拡大松川るいさん=2021年6月1日、衆院第一議員会館
 もうひとつは、優秀な人材の育成と活用です。国をつくるのは人。資源がない日本のような国はなおさらそうです。50年先には国がないかもしれないという危機感を持つシンガポールは人材を使い倒しています。官僚に優秀な人材を集め、時代の先を見据えたプロジェクトに取り組む。そういう人材は官僚を辞めた後も、一流企業で働きます。

 日本はどうか。かつては優秀な人材が霞ケ関で国づくりに邁進していました。ところが、1990年代の行政改革で政治主導が進み、第2次安倍晋三政権はそれをうまく活用したと思いますが、一方で官僚が積極的に知恵を出して仕事することが少なくなった気がします。やりがいが減った“ブラック”な霞が関に一流大学の学生が行かない、若くして辞めて外資系にいく、なんていうことも起きている。

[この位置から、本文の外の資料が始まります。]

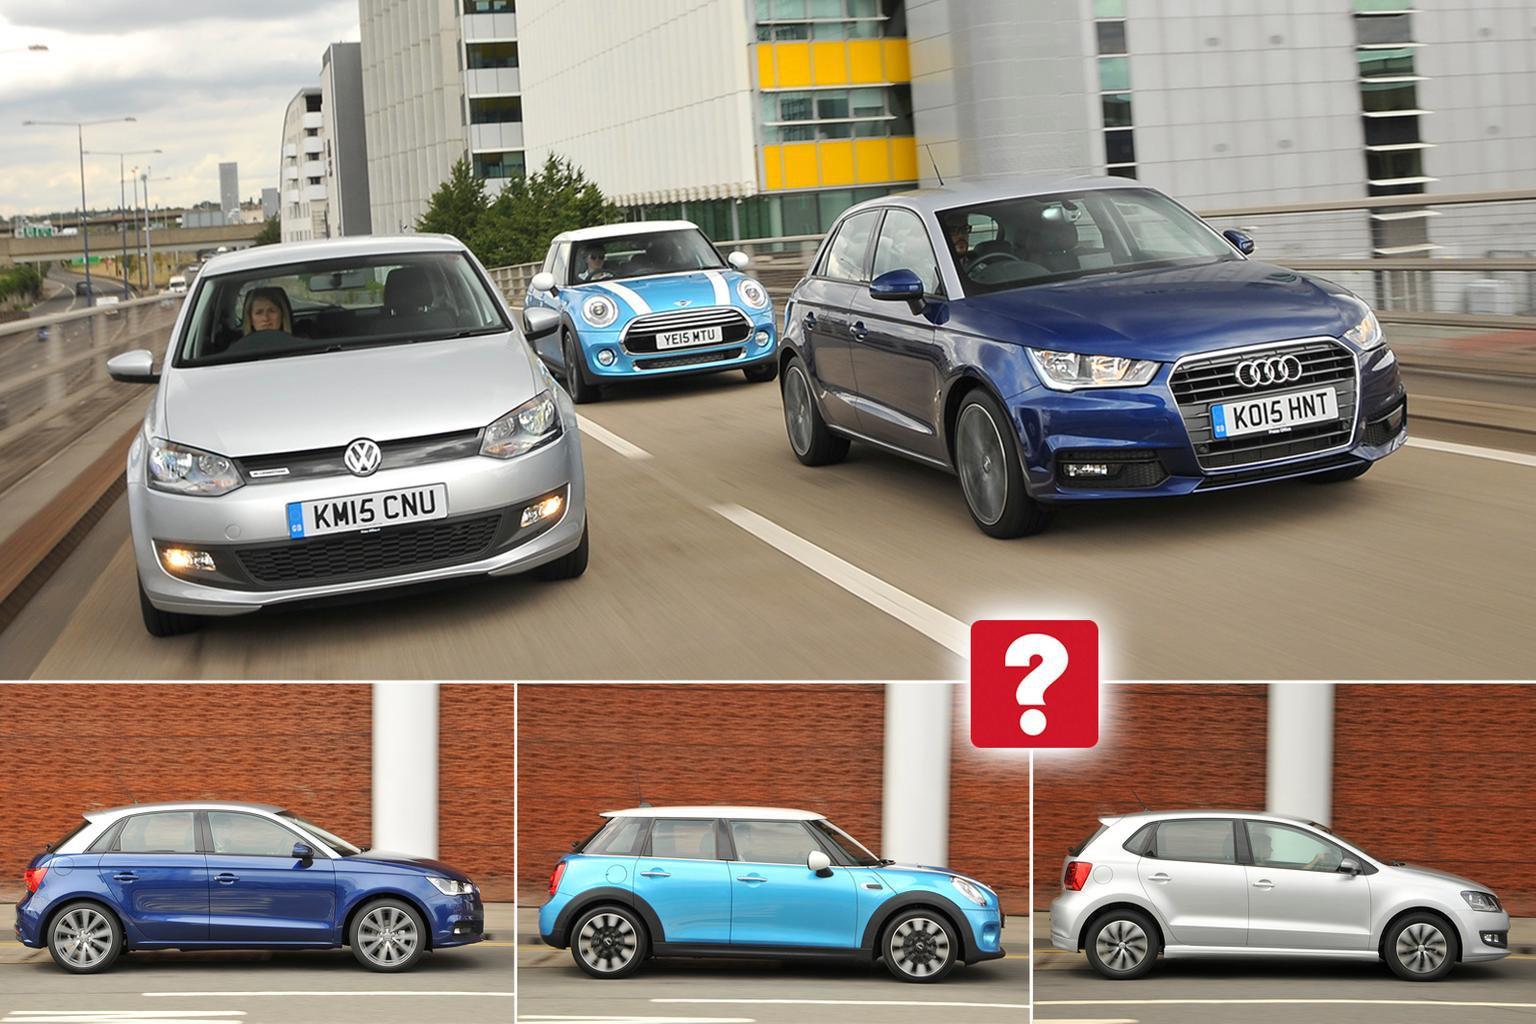 Used test: Audi A1 vs Mini hatch vs Volkswagen Polo | What Car?
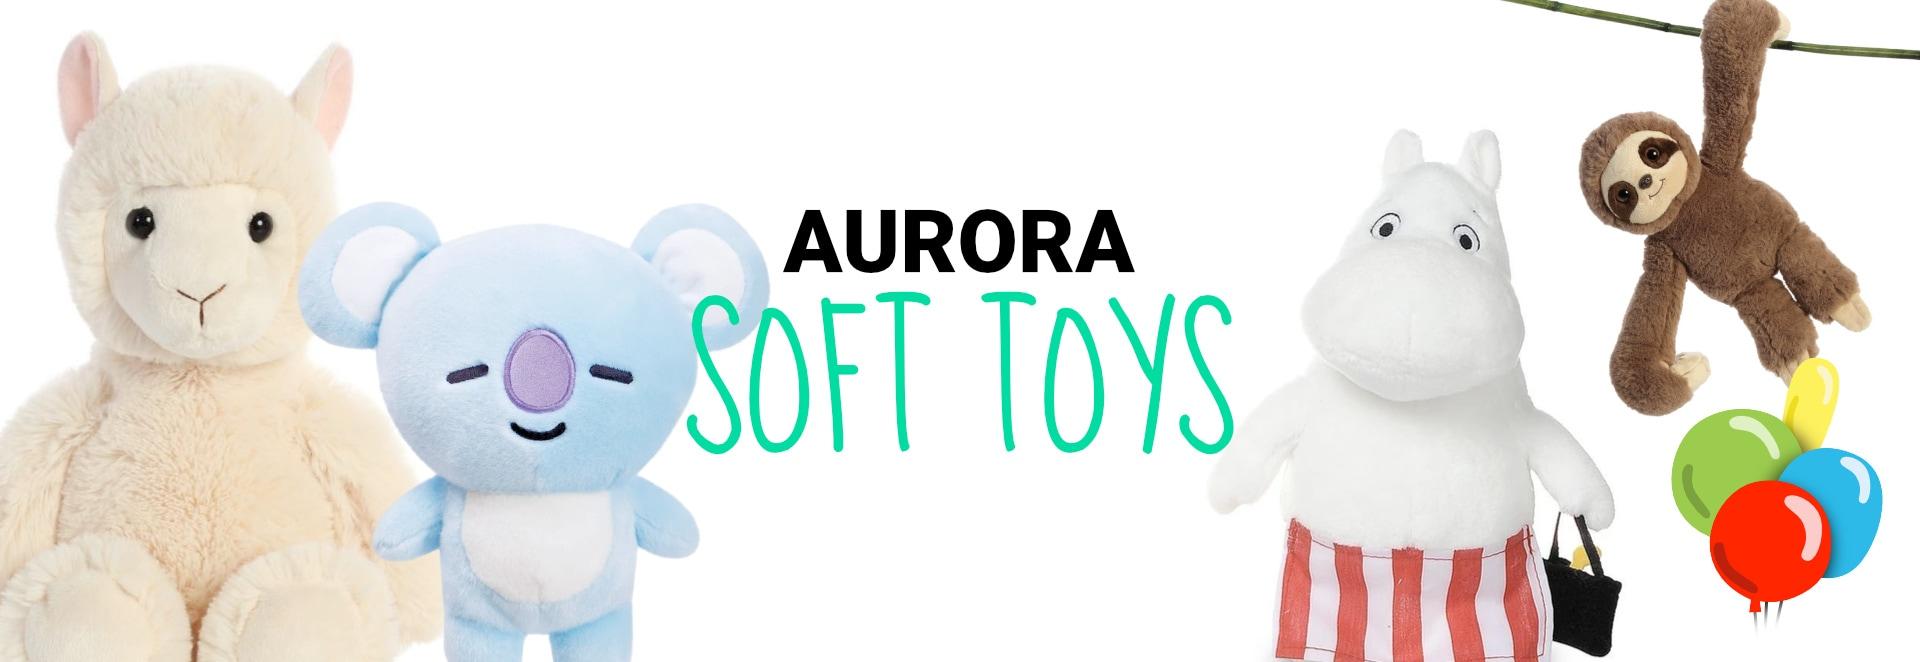 Aurora Soft Toys

 政治主導は正しいと思うのですが、それではその分を政治家がカバーしているかというと、自分も含めて申しわけないですが、政治家を育てて活躍してもらうというシステムになっていません。選挙対策に大半の時間をとられ、国民の声や中長期的視点を反映した政策に取り組むのは容易ではありません。一方で、アメリカでは中長期の政策づくりを担うシンクタンク文化も日本ではいま一つです。人材をどう育てて活用していくかが、令和の大きな課題だと思います。